О почерках: в нашем корпусе их образцы даны в изобилии, и по ним многое можно сказать. Писарской разборчивой рукой составлены, конечно, прежде всего официальные письма. Для писем частных эпистолярный этикет предусматривает, чтобы они были писаны собственноручно, а не секретарем, как дань уважения и «приятства». Но все же несобственноручное писание по разным причинам присутствует и в частной корреспонденции. Во-первых, в случае, когда письмо, не будучи служебным, должно иметь более официальный характер. Такой прием применен, например, в № 89, где Фермор предупреждает своего знакомого о недопустимом поведении его сына в армии. Четкий писарский почерк отличает письма Харитона Зуева или Алексея Ильина (№ 48–53, 56), но по другой причине: это профессионалы, штабные канцеляристы, которые не делают разницы и для собственной частной переписки. Почерком Ильина написаны также два письма Степана Ржевского (№ 45–46) – но здесь, как в аналогичных случаях, из‐за слабости и/или ранения отправителя. Раненый Степан Ржевский извиняется в письме родителям: «Рукою еще вовсе управлять не могу, что из даннова моево писма видеть изволите». И тем не менее второе письмо родителям еще успевает написать сам (№ 47).

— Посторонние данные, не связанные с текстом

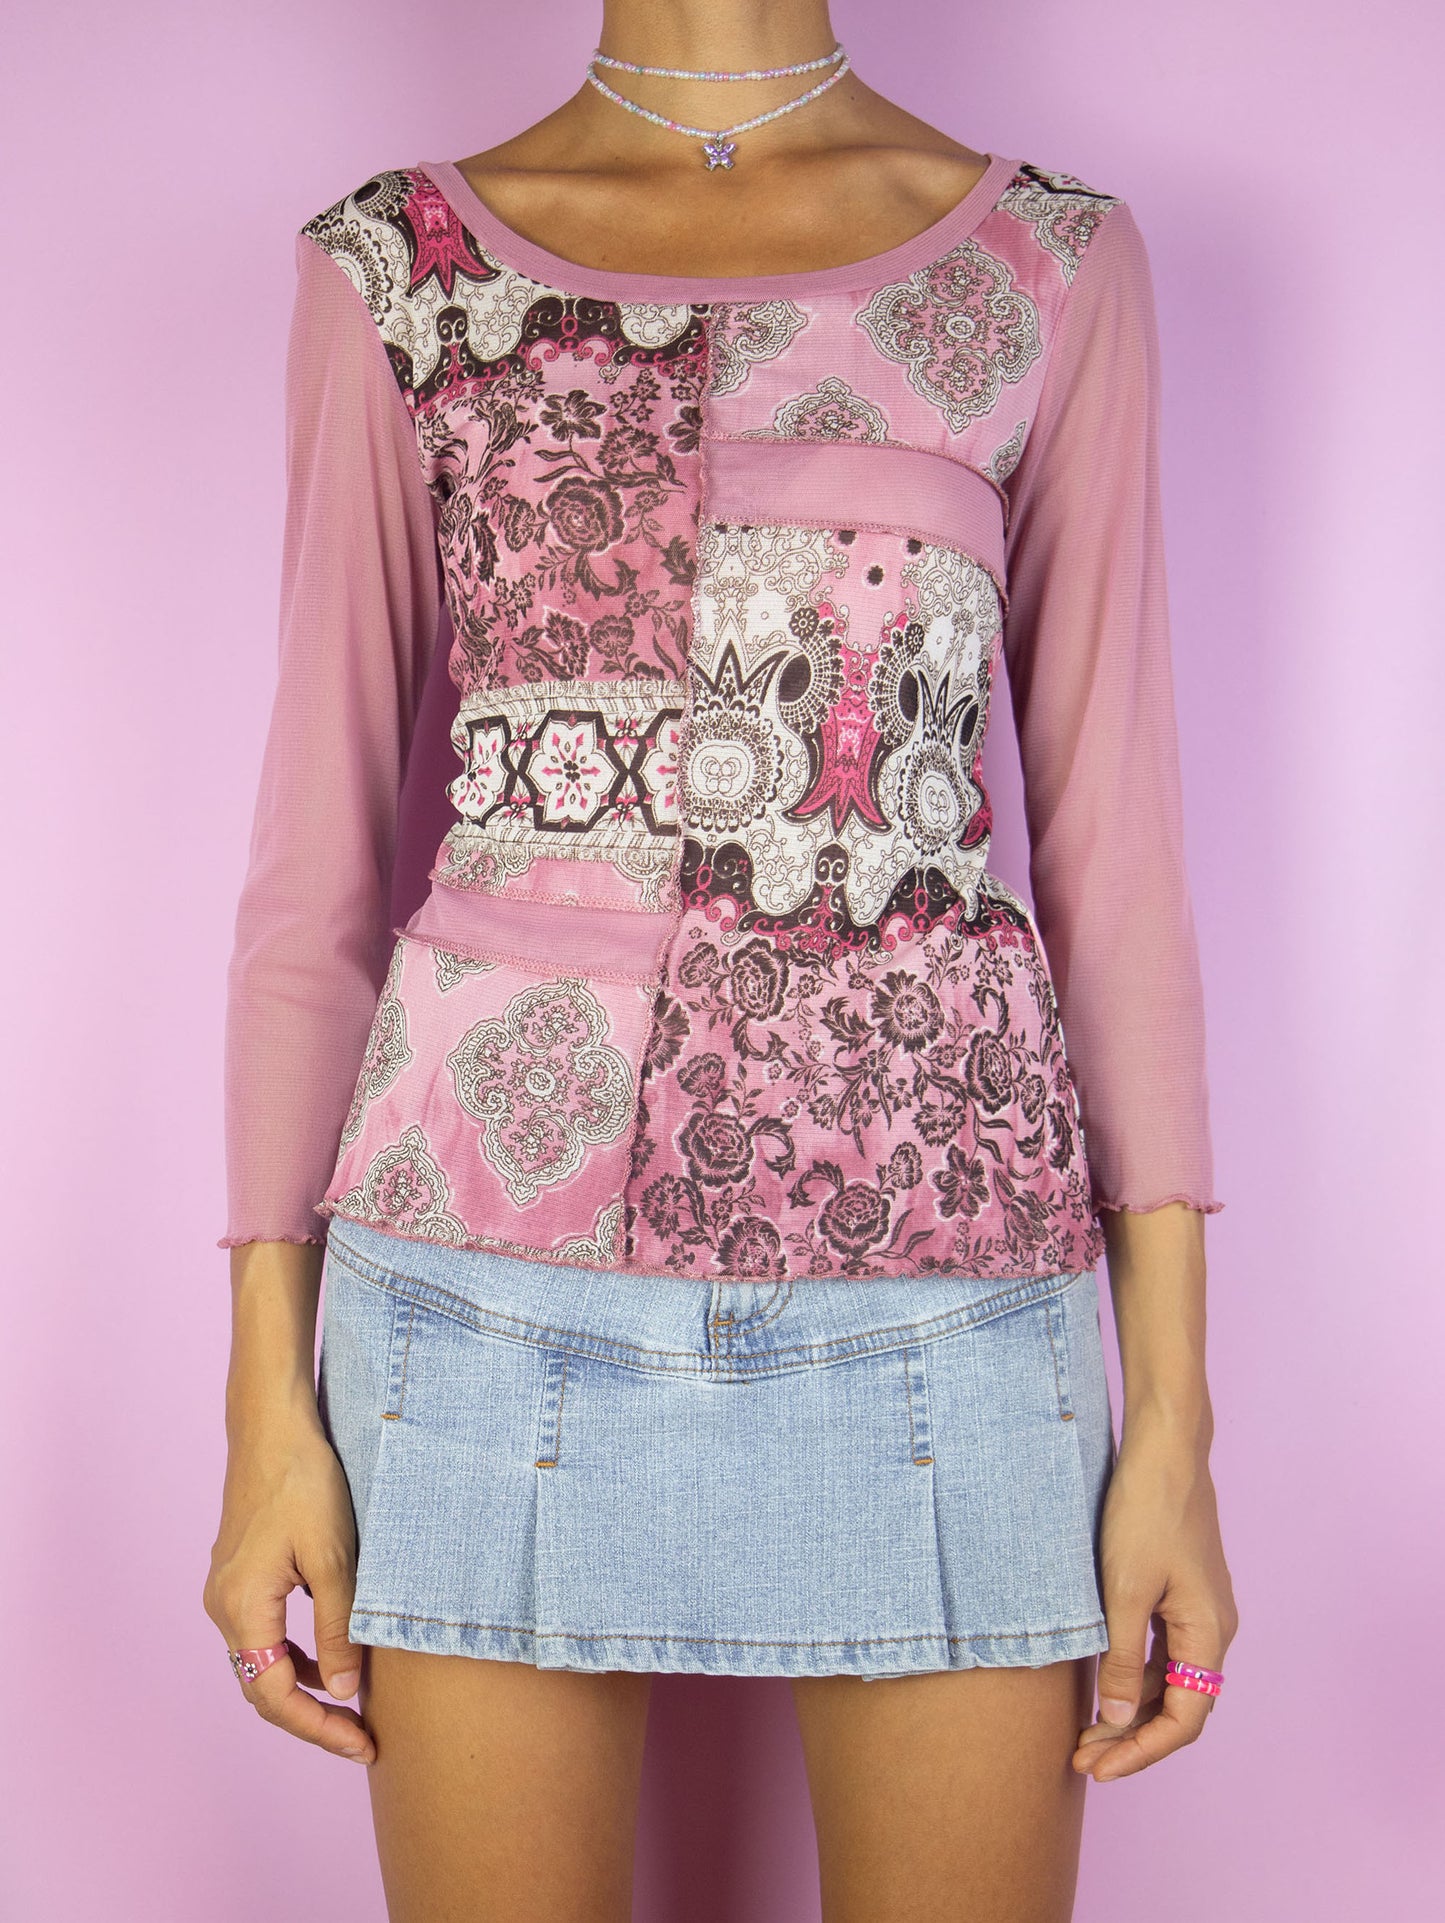 The Vintage Y2K Pink Abstract Mesh Top is a semi-sheer mesh lettuce hem multicolored pink paisley floral abstract print three-quarter sleeve t-shirt. Super cute cyber fairy grunge gorpcore shirt circa 2000's.

Кн. Василий Долгоруков, также раненый, пишет жене самостоятельно. По его почерку заметны и слабость из‐за ранения, и следствия его непростой судьбы. По преданию, как отпрыску ненавистного рода при имп. Анне Иоанновне ему было запрещено учиться грамоте и свои умения он приобрел исключительно самостоятельно (№ 77). По выработанности почерка можно, кажется, судить об общей степени культурности автора: круглый, крупный почерк Николая Николева, с буквами, написанными порознь, напоминает детский и вполне соответствует лапидарности и примитивности содержания (№ 18–22). Однако на такой же сетовал и издатель мемуаров М. В. Данилова, человека отнюдь не заурядного: «очень дурного почерка, едва ли не детского»[132].

Проблема нечитаемости почерков, очевидно, была актуальна и для современников: в большой степени этим объясняется неудача двух переводчиков перед Леонардом Эйлером в передаче содержания русских писем. Сам Эйлер в плохо читаемых местах подписывал над строчкой по букве, что скрывают каракули автора (например, в письме Я. А. Брюса жене, № 26). Интересно, что плохо разбираемые почерки характерны скорее для высшего офицерства (В. Долгоруков, П. И. Панин и др.), которое, очевидно, многое может делегировать писарям. То, что мы имеем дело с общей проблемой, говорит и пример П. А. Румянцева: его писем адресаты часто не могли разобрать, для дешифровки требовалась помощь супруги, сестер или сыновей[133]. В лейб-гвардии Семеновском полку полковым писарям для исправления почерка устраивали даже «каллиграфический класс»[134].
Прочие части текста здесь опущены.